Now that I'm working on a project, I write every day for about an hour or until I finish two single spaced pages. I take Friday's off since those are "get drunk and play Halo" nights.


----------



## Minako2012 (Oct 10, 2013)

I force myself to write something everyday even of its a midpoint scene or a one shot fanfic. Its never easy but it lets me work on my writing. Yes I write fanfics to combat writers block and practice my character writing.


----------



## SkyeLansing (Oct 10, 2013)

Write every day, no matter what. It is simple enough to do, no matter what anyone says.


----------



## GlanceReviver (Oct 15, 2013)

Back in high school and college I used to write every day, but now that I work full-time I think I might write something once a month on average.  And the less I write, the harder it gets to start writing when I do have the time.


----------



## Shouden (Oct 19, 2013)

Since I started school I get a nice hour of writing in between classes. And I've been doing a little writing here an there outside of school.


----------



## Shoiyo (Oct 19, 2013)

Not nearly enough. I used to write for hours a day, but I stopped, because, you know....excuses.


----------



## Art Vulpine (Oct 20, 2013)

I'm currently writing what is to be a fantasy trilogy so I write about every day for that.
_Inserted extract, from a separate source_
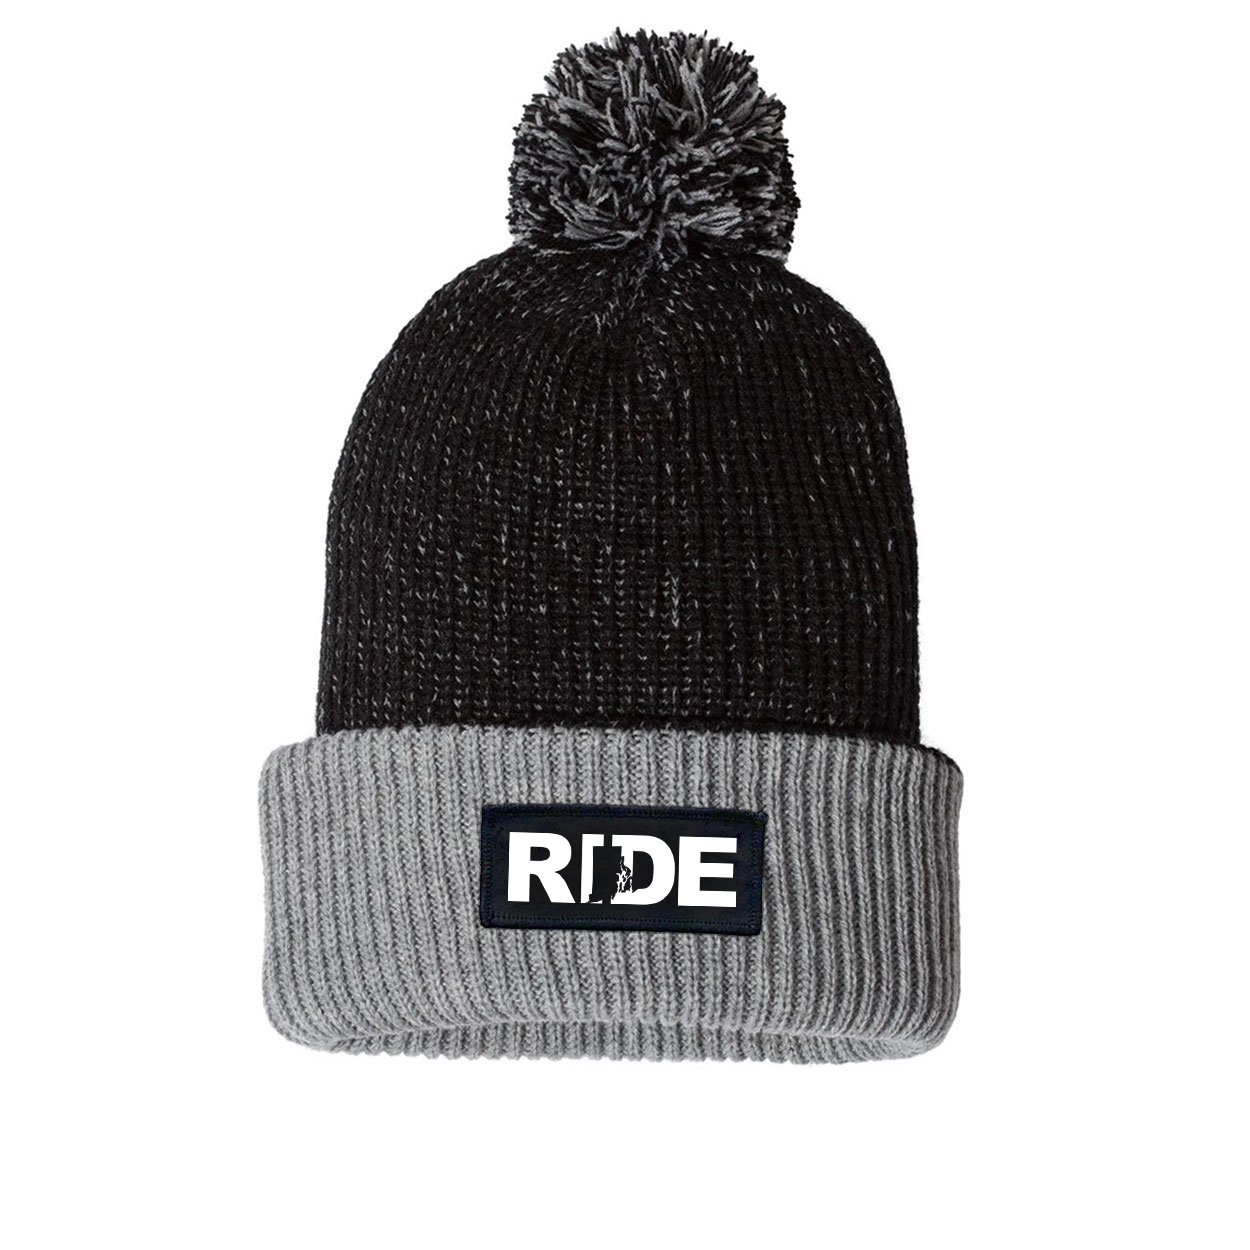 Ride Rhode Island Night Out Woven Patch Roll Up Pom Knit Beanie Black/Gray (White Logo)

I also am active in role playing and fanfic writing.


----------



## Unen (Oct 22, 2013)

I tend to write as and when I feel the desire too which means I have spurts of it and then stop for about a month though I only write pretty short stories, not really up for anything bigger yet. I really want to write at the moment though but I can't because I don't have word on my laptop so it has stopped me from finishing one of my stories


----------